In an attempt to resolve these disputes, many approach the courts. Nonetheless, courts are neither the simplest nor the sole avenue for dispute resolution. There are many stages involved prior to, and during a court process.

This article attempts to briefly explain these various stages and the role of the parties involved in each stage.


Certain procedures such as applying for a divorce is a relatively straightforward process and often, a lawyer need not be involved. Nonetheless, a divorce does not resolve issues regarding children, property and other financial matters, and parties will need to make separate arrangements.  It is advisable that parties first attempt to settle these matters out of court.

1.1     Why Attempt To Settle Out Of Court?

Taking a matter to court can be a costly, complex and stressful process, and is often fraught with delay. It can also bear negatively on existing relationships and children. Parties have limited control over the process and no control over the outcome. There is no guarantee that a decision will be made in your favour.

On the contrary, attempting to reach an agreement out of court greatly reduces the financial and emotional burden on both parties. It enhances communication and often results in improved relationships, as it involves a relatively informal and non-confrontational process. Parties are free to control and tailor the process and the outcome according to their needs and underlying concerns. This flexibility will provide  parties with the opportunity to design an agreement that genuinely reflects both parties’ interests. Notwithstanding these advantages, attempting to settle out of court is dependent on the willingness of both parties to participate in good faith.

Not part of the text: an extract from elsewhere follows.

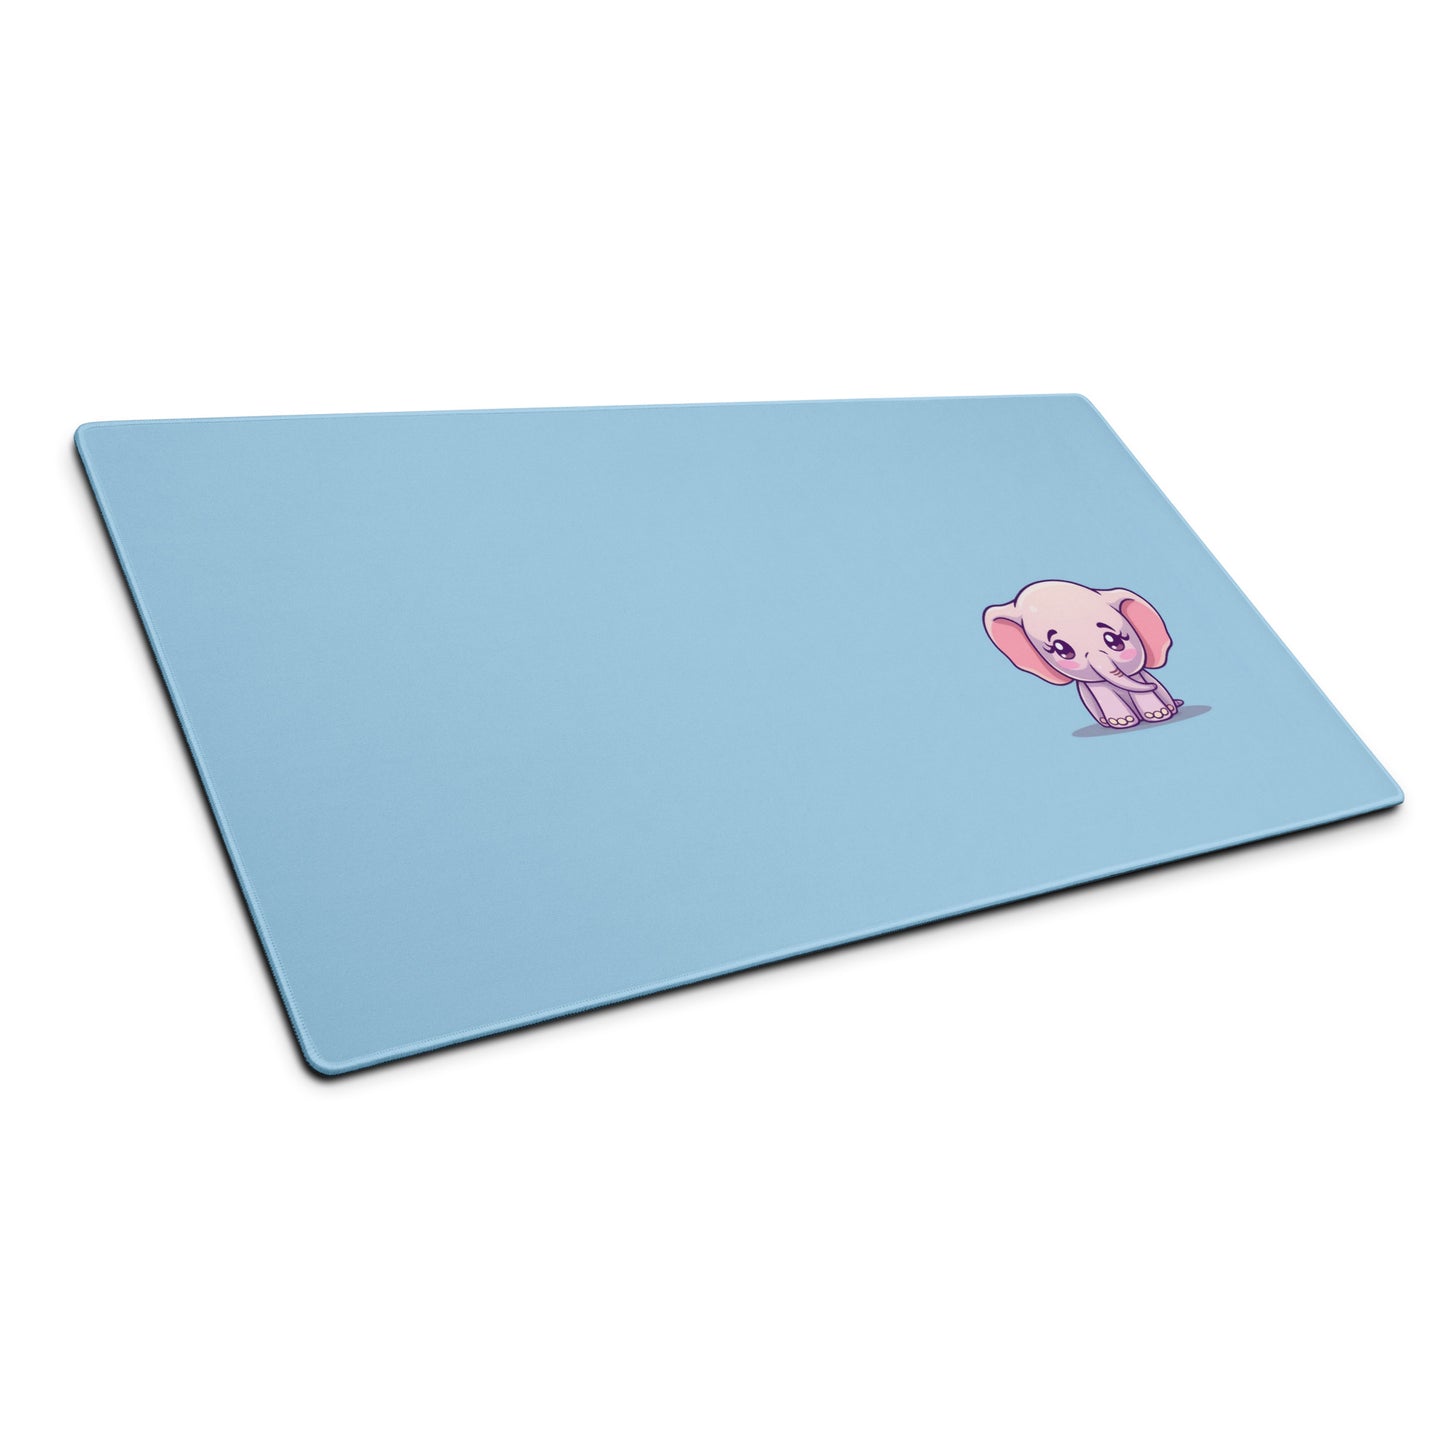 A 36" x 18" desk pad with a cute elephant on it shown at an angle. Blue in color.

1.2     How To Settle Out Of Court?

Parties can choose to reach an agreement either on their own or with the assistance of a Family Dispute Resolution Service. 1

1.3     Family Dispute Resolution Service (FDR)

What is FDR?

FDR is a forum for parties to resolve family related disputes with the assistance of a FDR Practitioner. 2 An FDR practitioner is an independent, accredited professional who can assist parties to discuss issues, options and reach an agreement in relation to children, separation, property and other financial matters. 3 FDR usually takes the form of mediation with the FDR practitioner acting as a mediator. 4

What is Mediation?

Mediation is an informal, voluntary and confidential process in which parties to a dispute attempt to reach an agreement with the assistance of a mediator. Mediation is not a legal process, and a mediator does not provide legal advice. The mediator will help parties identify the nature and cause of the dispute, and to explore options for resolving the dispute. The mediator occupies a facilitative role for the content of discussion during the mediation, and will not determine the outcome of the dispute. It is important to understand that the mediator will not impose a decision, and will remain neutral throughout the process as an independent third party.

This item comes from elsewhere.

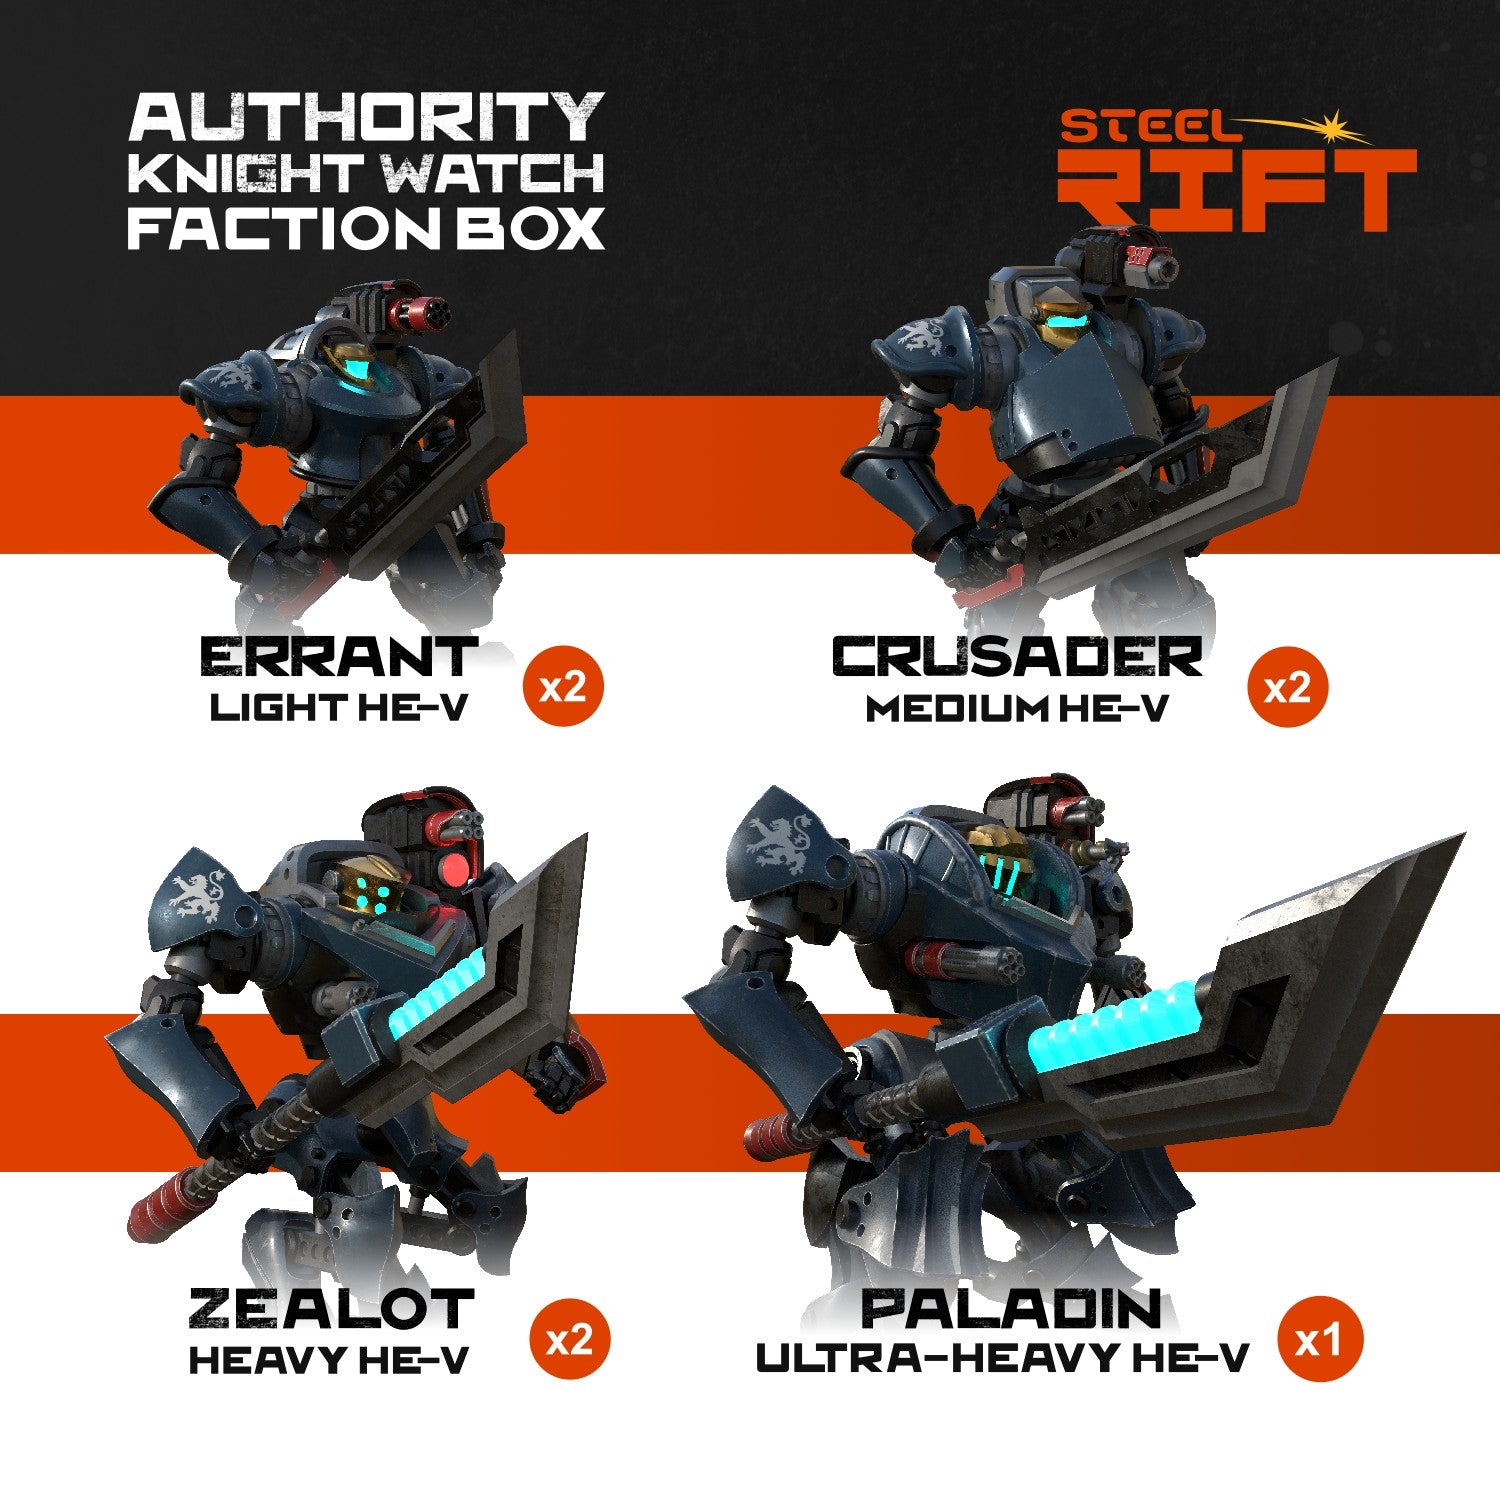 Authority Knight Watch Faction Box

Is Communications In An FDR Mediation Session confidential?

Generally, communications to an FDR practitioner in an FDR mediation session are confidential5 and cannot be disclosed to anyone, including the Court.6 Please note that there are exceptions to this.7

Should I Get Legal Advice Before Attending An FDR Mediation Session?

You do not have to get legal advice prior to mediation but it is advisable that you do so, especially before signing any written agreement.

What Happens After I Attend An FDR Session?

The FDR practitioner will issue you with a certificate.8 The certificate is valid for 12 months from the date of the FDR Session.9

Is FDR Compulsory?

The law requires parties applying to the Family Court to make a genuine effort to resolve the dispute through family dispute resolution and obtain an FDR certificate.10 There are however exceptions,e.g. if the court is satisfied that there is a risk of child abuse of family violence.11

Do I Gave To Reach An Agreement In FDR?

No, you do not have to reach an agreement if you are unhappy with the outcome.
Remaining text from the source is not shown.